Seeing the Lovely Lucy mid-week is a rare luxury. On Thursday she had a meeting in London in the morning, so we planned an impromptu late lunch.
When we got to the restaurant, it was busy. A hurrying waiter said they'd lay us a table, so we stood and nattered until, out the corner of my eye, I saw a movement. Our waiter was trying to draw our attention to the table that had been laid for us, using the unconventional technique of jumping up and down and waving his hands in the air.
He was about 5ft 8 tall, and about the same around his middle, bald, and camper than a Bank Holiday at Butlins. He cooed and oohed and aghed at us, and made us feel like his new best friends. When Lucy said that she'd just have a glass of water, he rolled his eyes at me. "Is she always this boring?" he teased, in his soft Scottish purr. "I'm afraid so," I confirmed. We ordered and off he skipped to the kitchen.
So our food came, we ate, we chattered, set the world to rights, and from time to time our waiter came to check we were ok, and we were. He struck the balance between attentive and laid back that suited our mood, and it was all good. When we'd finished our meal, he asked if we wanted coffees, then winked at us pointedly and said they'd be on the house. He told us he'd only worked there a week, and whilst he was at the Gaggia, we speculated on whether he'd still be there in a week's time.
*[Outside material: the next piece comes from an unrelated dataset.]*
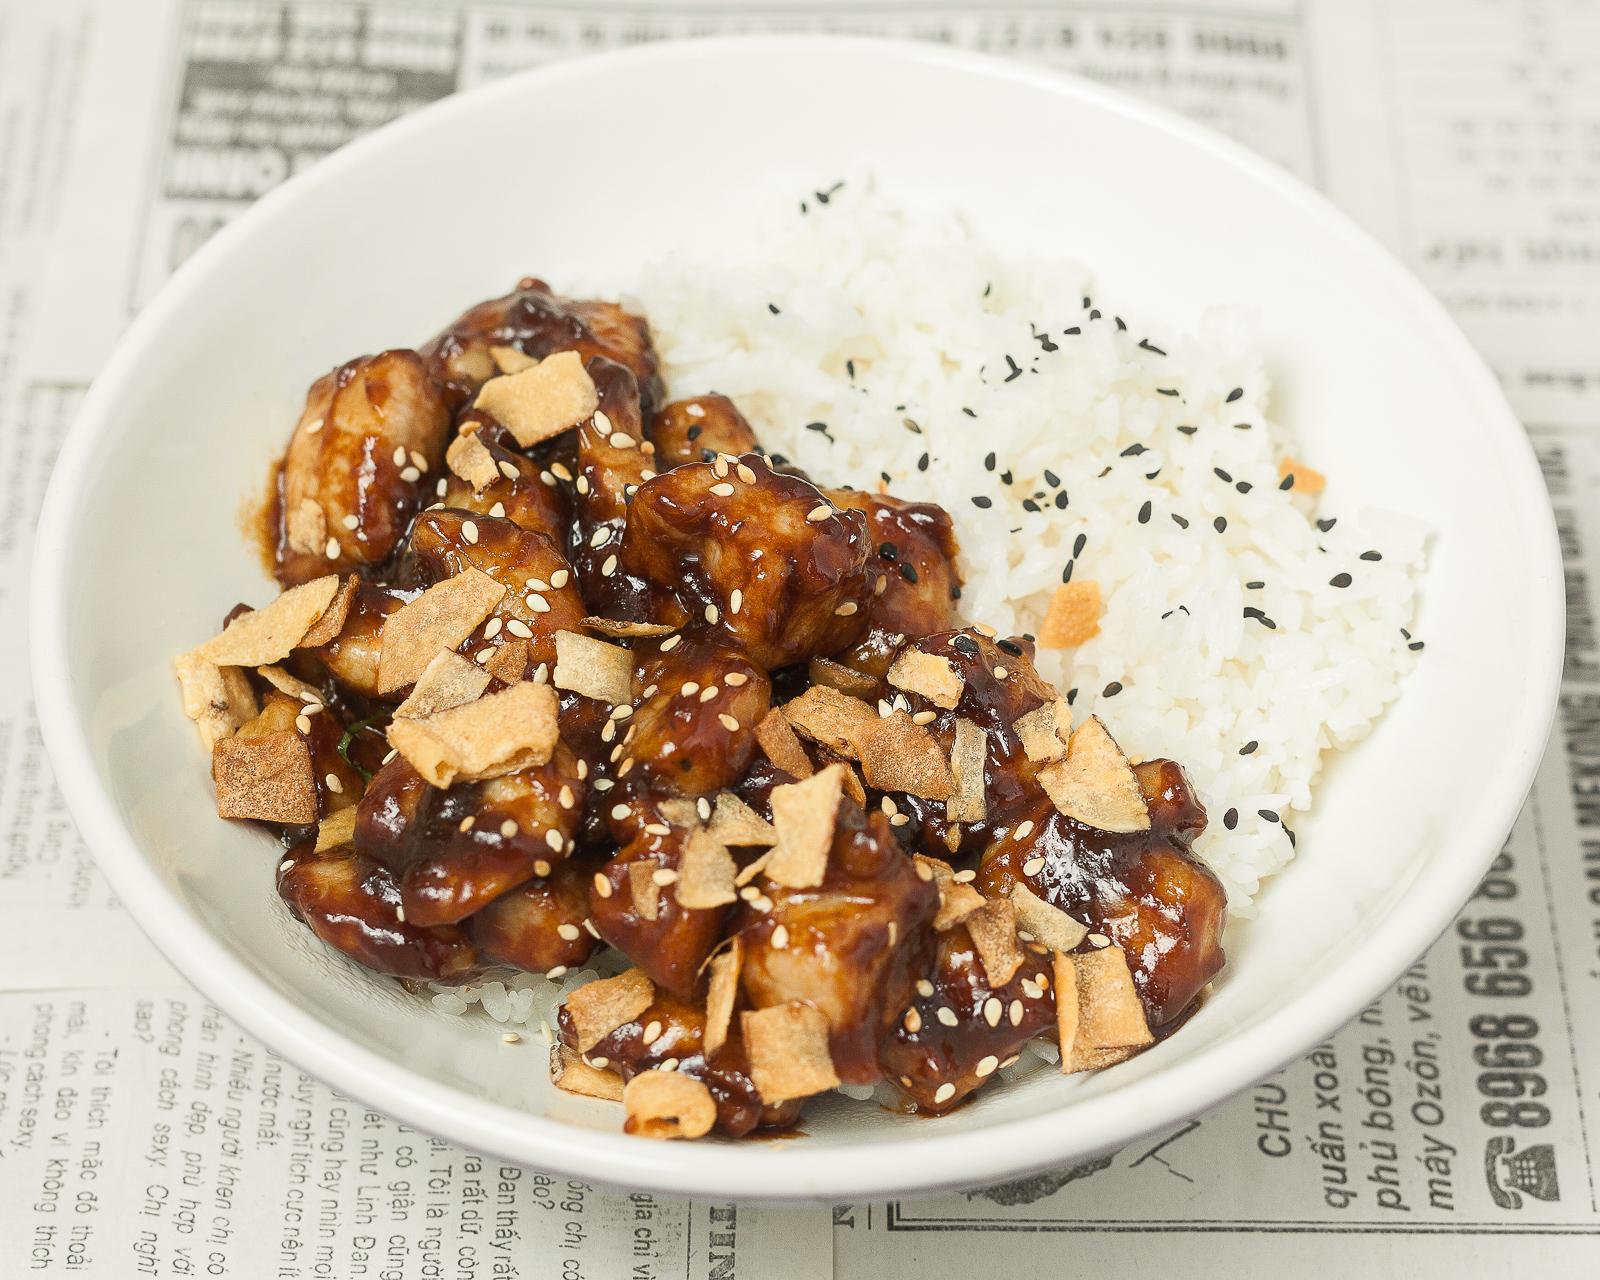 Рис со свининой и креветками в соусе по-ханойски
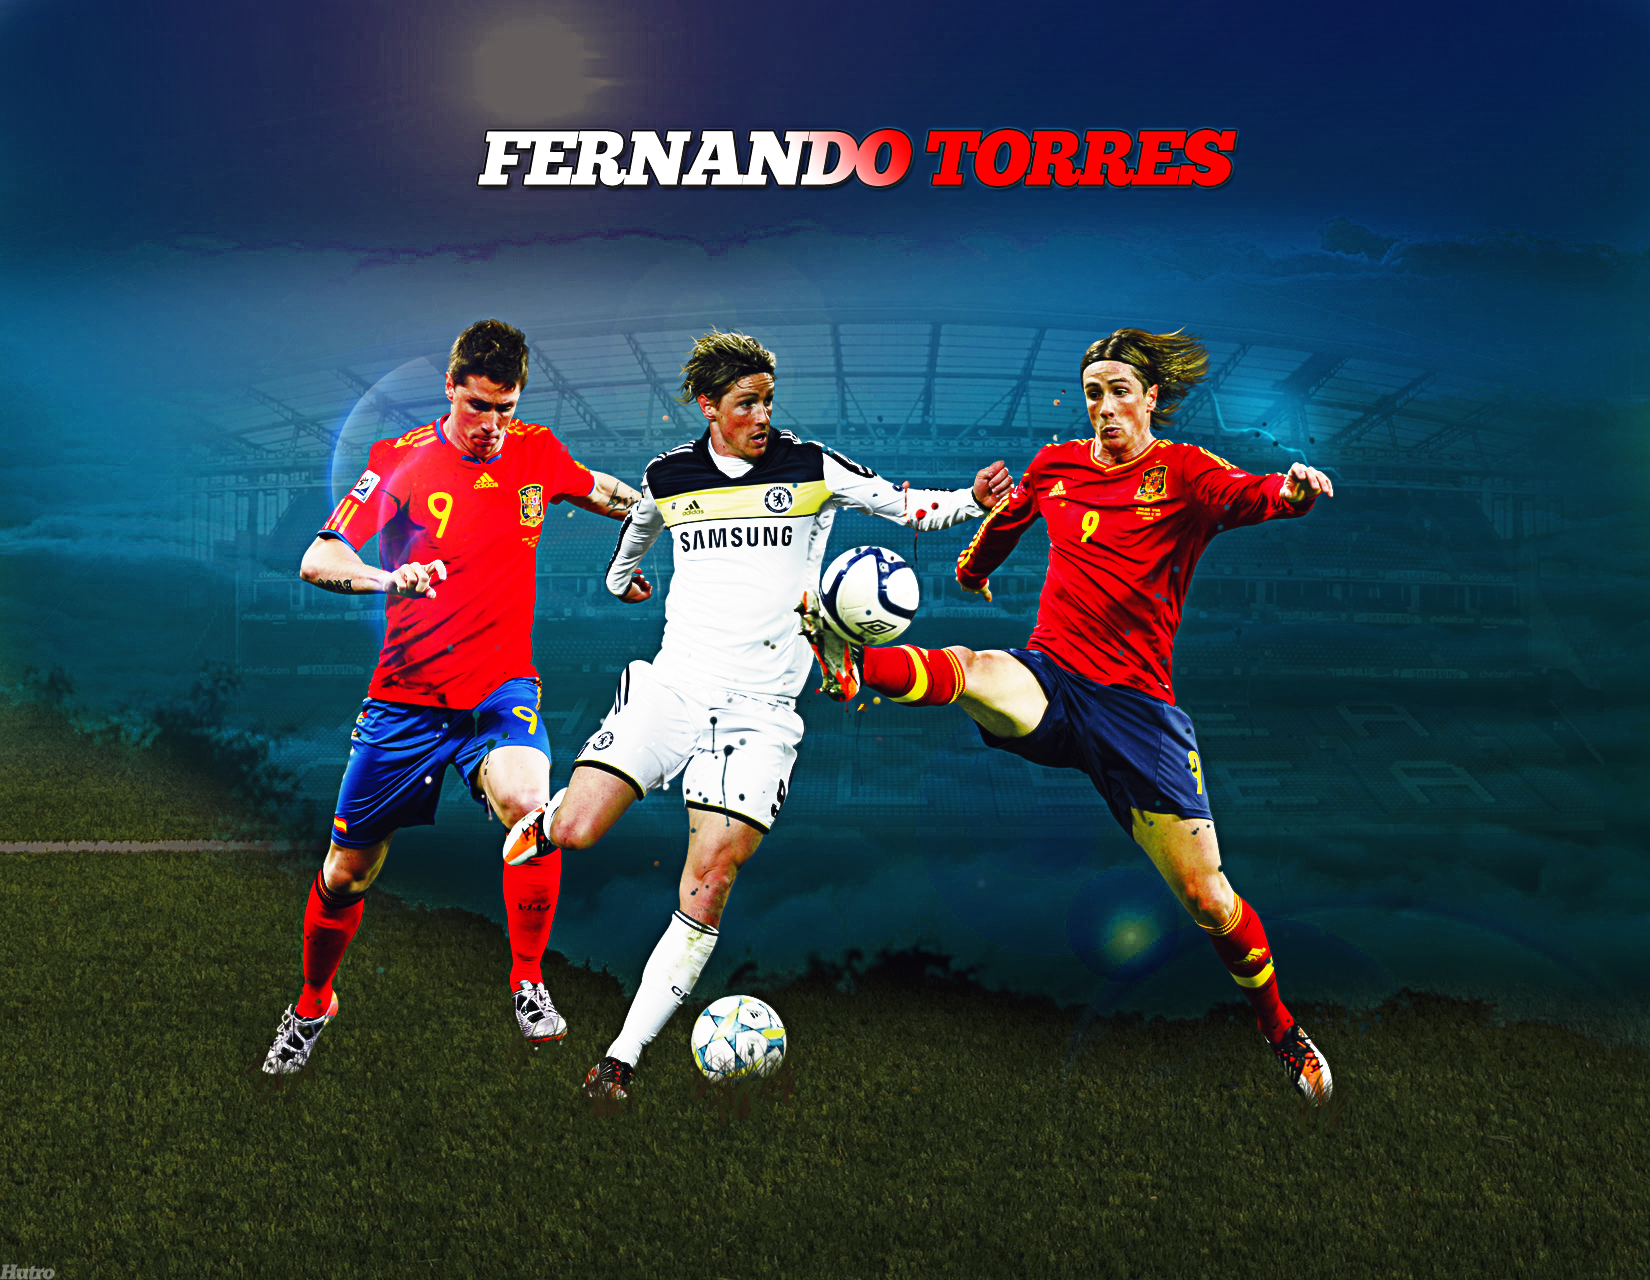 Fernando Torres Hi ReS Wallpapers   Football Wallpaper HD Football 1650x1280

Whilst we were sorting out the bill, Lucy got up to go to the loo. There was one just near where we were sitting, and she made a b-line for it, but there was a kerfuffle at the door. Our waiter, another waiter and Lucy ended up doing a little dance at the door, "after you," "no, no, I insist, after you." After she'd closed the door, the other waiter rounded on ours. "Don't let customers use that toilet. It's a disabled toilet for disabled people. The customer toilets are downstairs." Our waiter waited until the other guy's back was turned, then rolled his eyes at me. When Lucy came back she apologised for causing a fracas.
So there we were, pulling on our coats, and draining our cups, when suddenly our man was back by our side, leaning over our table in a conspiratorial way. "I've just told him, 'you can't talk to that lady like that, you don't know anything about her. You can't talk to her like that.' And then I said to him, 'you see, she's only got the one leg.' So now, when you leave, you've got to limp a bit so he knows."
Limp a bit?! We were both laughing so hard we could hardly stand! I think we might have slightly over-egged our part.